▸ THE DATA:
"""
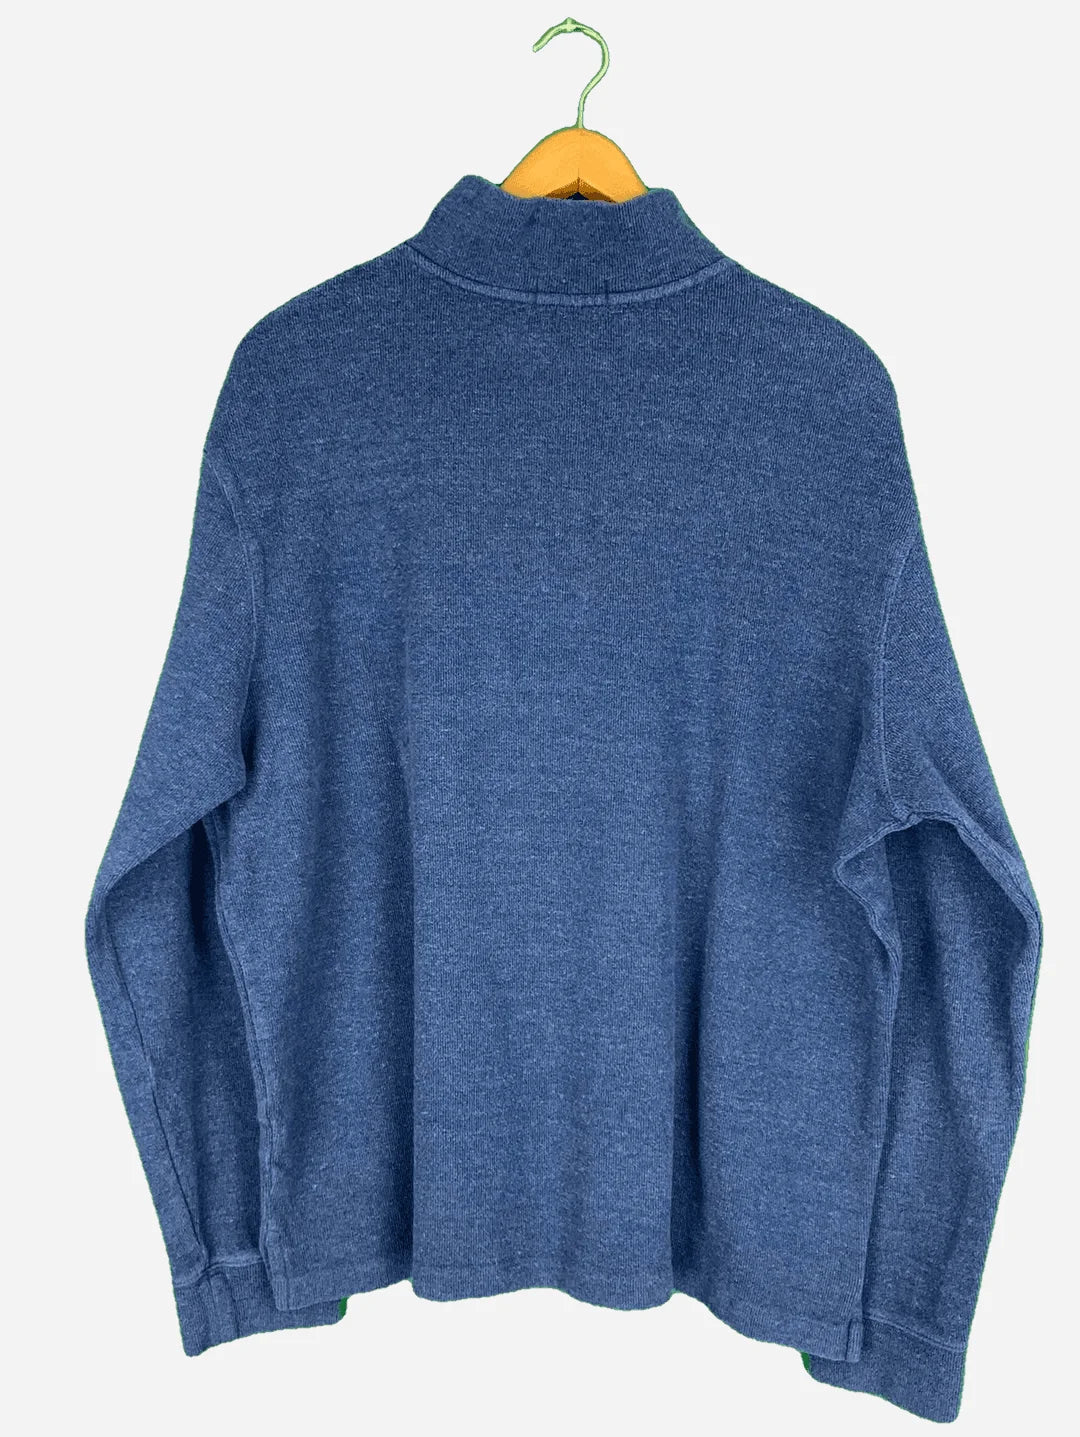 Ralph Lauren Halfzip Sweater (XL)
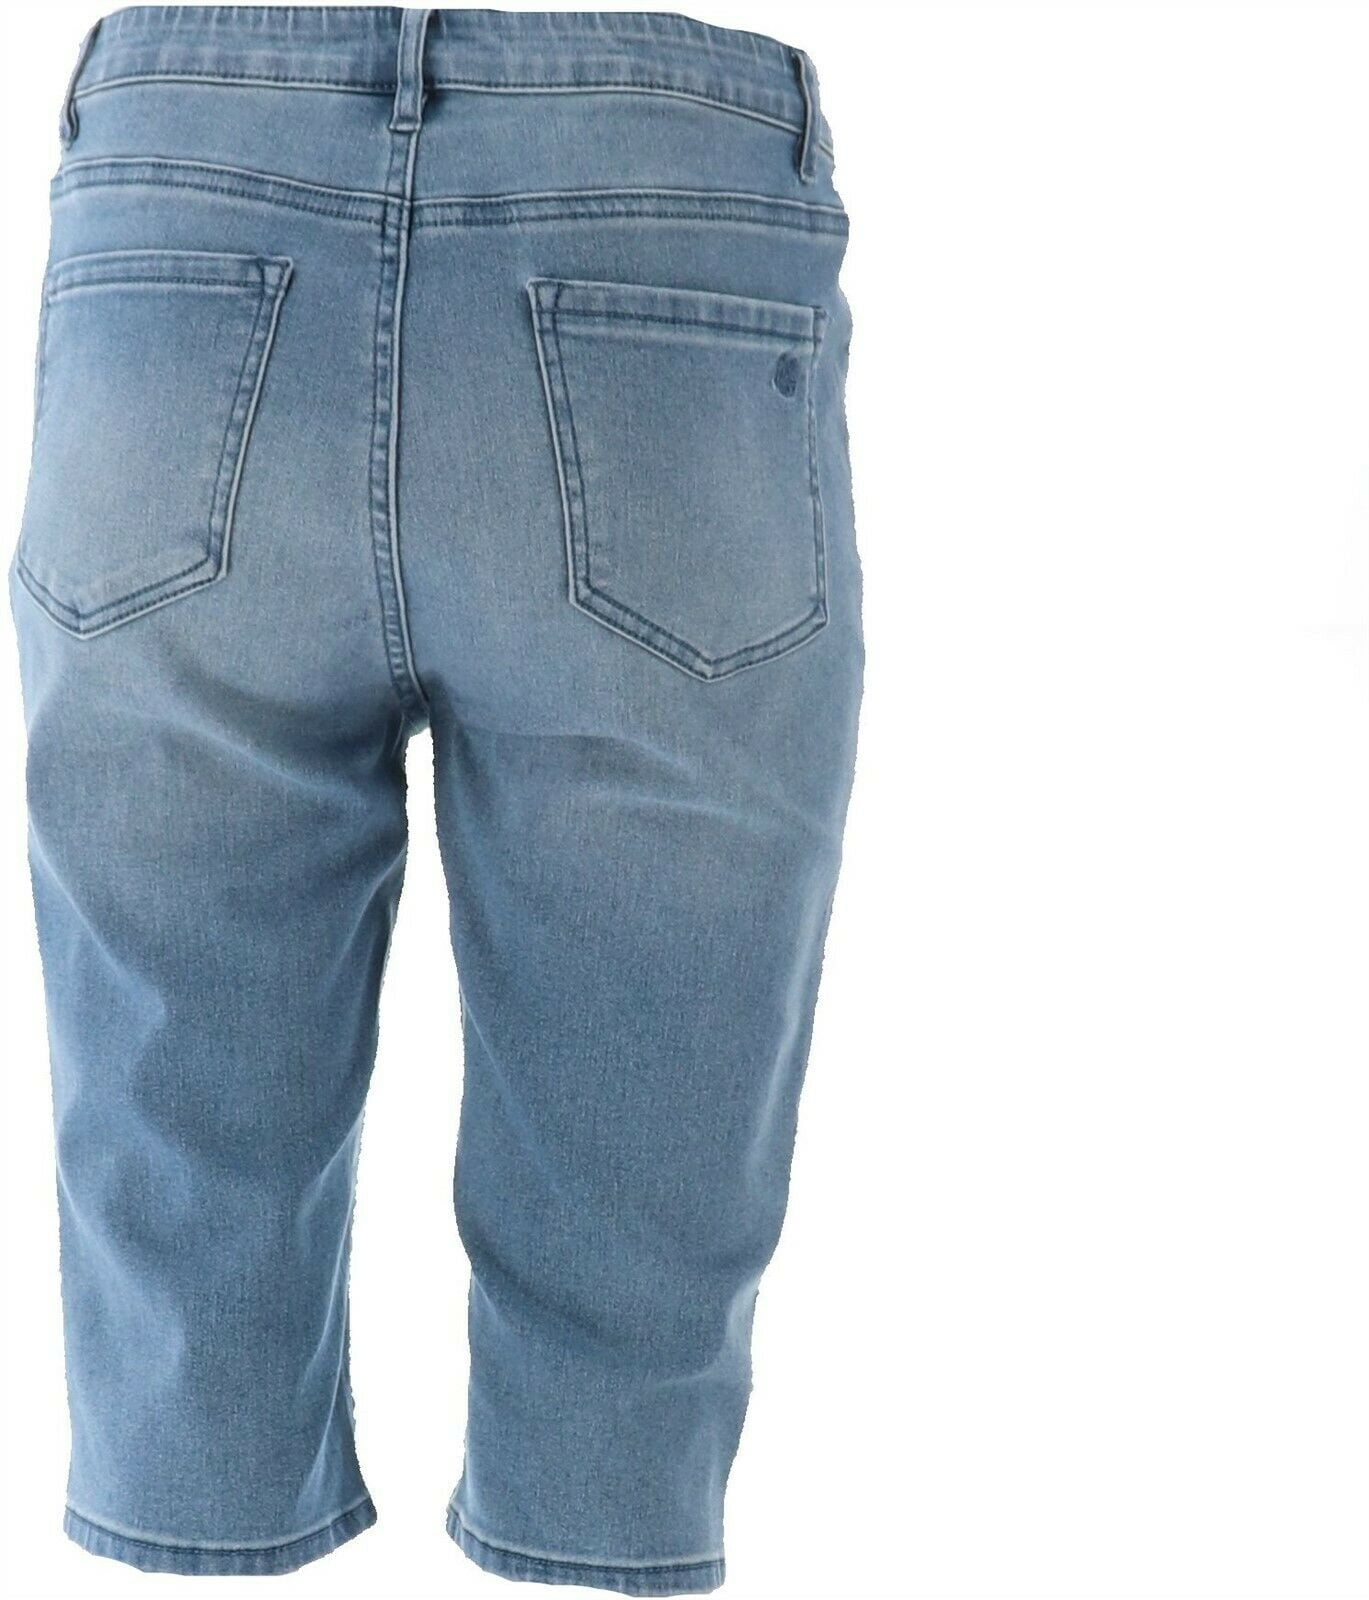 diane gilman virtual stretch jeans
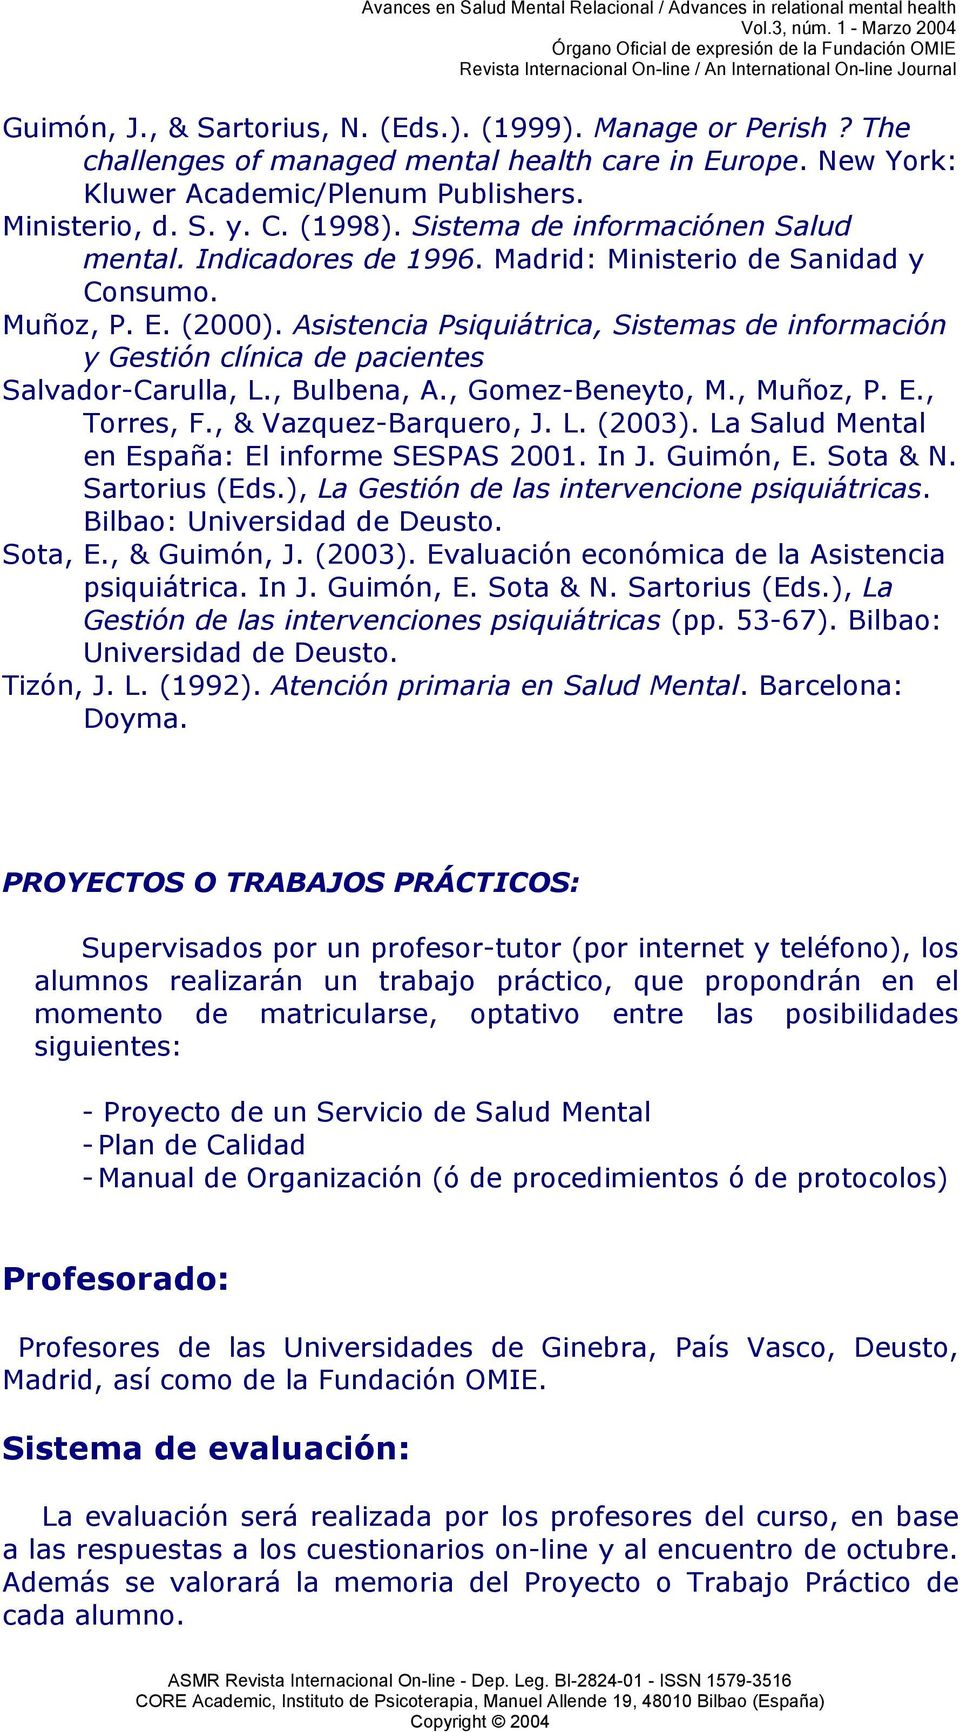 Asistencia Psiquiátrica, Sistemas de información y Gestión clínica de pacientes Salvador-Carulla, L., Bulbena, A., Gomez-Beneyto, M., Muñoz, P. E., Torres, F., & Vazquez-Barquero, J. L. (2003).
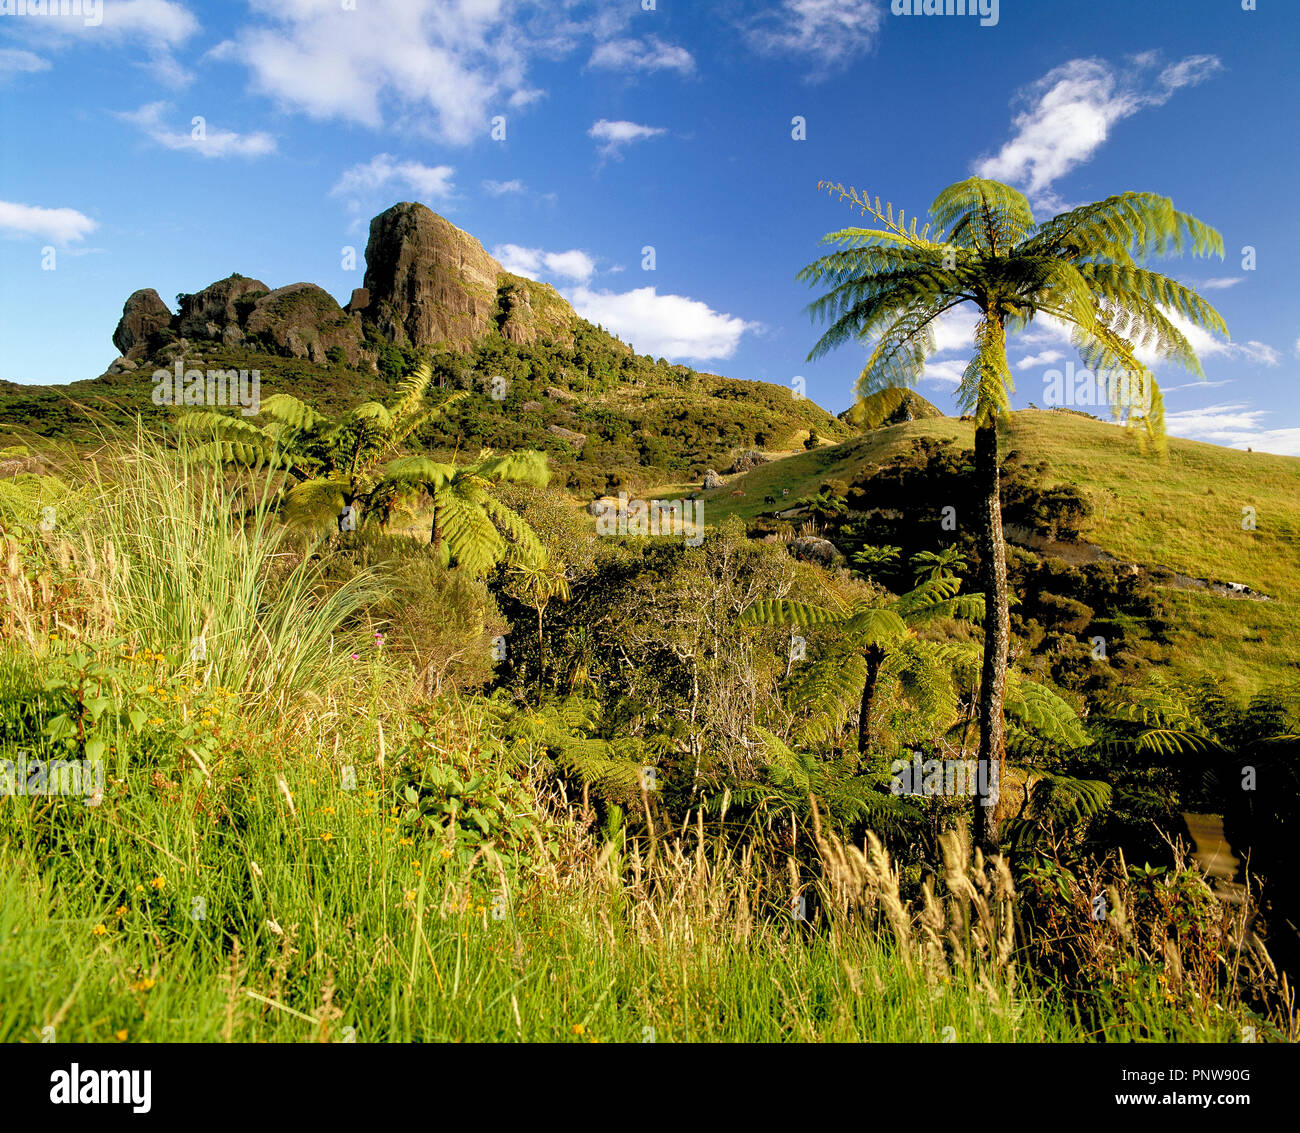 Nueva Zelandia. El norte de la isla. Paisaje rocoso en la colina y helechos arborescentes. Foto de stock
"""
▸ EXERCISE DIRECTIONS: What is needed is an exact retyping of the lines from the start of the data through the line with "Asistencia Psiquiátrica, Sistemas", with both end lines kept and every picture left out.

▸ ANSWER SECTION:
 Ralph Lauren Halfzip Sweater (XL)
 diane gilman virtual stretch jeans
 Asistencia Psiquiátrica, Sistemas de información y Gestión clínica de pacientes Salvador-Carulla, L., Bulbena, A., Gomez-Beneyto, M., Muñoz, P. E., Torres, F., & Vazquez-Barquero, J. L. (2003).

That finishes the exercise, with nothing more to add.